Kansas Lawmakers Narrowly Advance School Block Grants

By John Celock

By a narrow two-vote margin, the Kansas House of Representatives narrowly advanced a new school finance program Thursday.

The House voted 64-58 to give preliminary approval to a plan to replace the state’s current school finance system with a new block grant policy. The vote followed a three-hour debate where supporters said the changes would provide local control, while the opponents said the block grants would hurt children and cause teachers to leave the state. If two yes votes flip on Friday’s final House vote on the plan, the bill would die.

“We are trying to create budget certainty. We also want to increase the flexibilities for the schools to apply those funds that we give them,” House Education Budget Committee Chairwoman Amanda Grosserode (R-Lenexa) said while presenting the bill to the House. “This bill spends more than the governor’s budget.”

Gov. Sam Brownback (R) first proposed the block grants initiative in his State of the State Address in January as part of an overhaul to the school finance formula. Under the plan, the block grants to local school districts would replace the current finance formula until June 2017 to give state lawmakers time to devise a new funding formula. The current funding formula has been attacked by conservative Republicans, who say that it is not equitable to the entire state and is too complex.

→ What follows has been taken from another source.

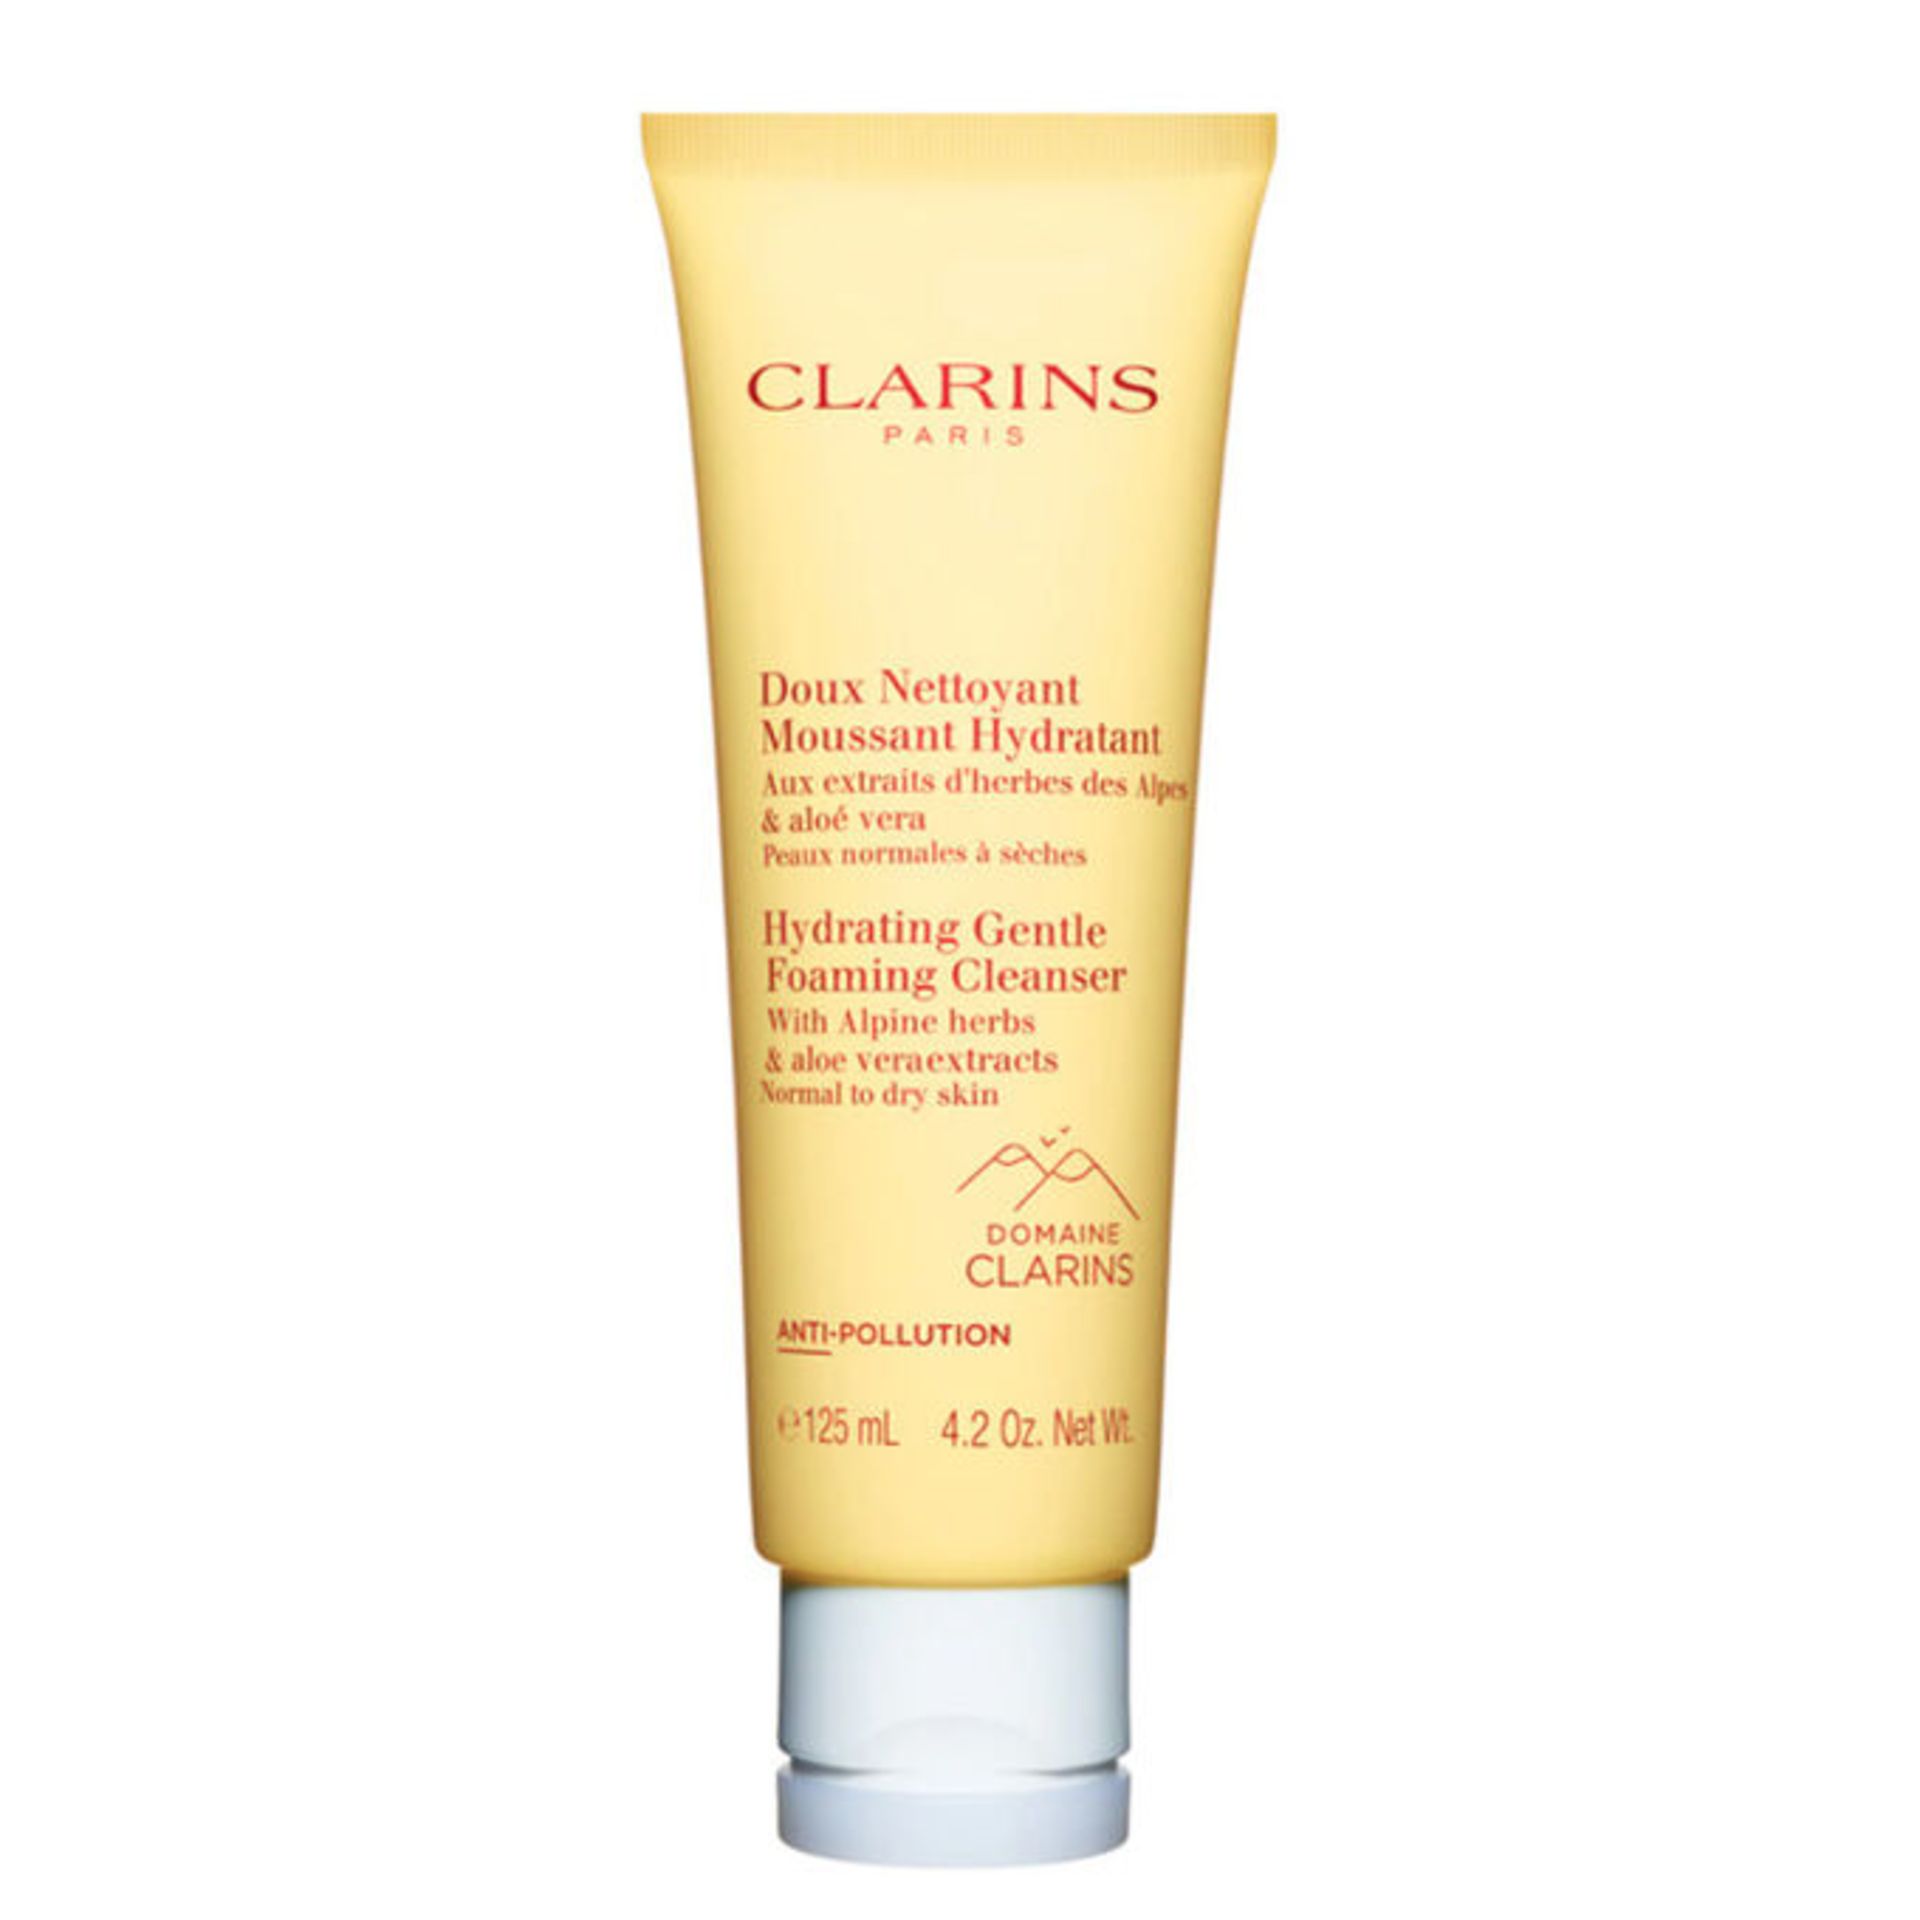 + VAT Brand New Clarins Hydrating Gentle Foam. Cleanser Nor. to Dry 125ml

Advocates have said that the current funding formula has helped districts across the state.

Supporters of the block grant bill said the new system will provide local school districts more control over the state funds sent to them and allow them to move more money between line items in the budget. They said it would also take the Legislature out of the academic debate.

Opponents of the block grant bill said the new system would create more uncertainty, saying that the bill would allow for lawmakers or Brownback to move funds around quickly and that school districts would not be able to receive a direct aid amount tied to the formula. Critics also attacked that the actual bill was only unveiled a week ago and was presented to the House following a hearing Monday by the House Appropriations Committee, which advanced the bill after debate on Tuesday.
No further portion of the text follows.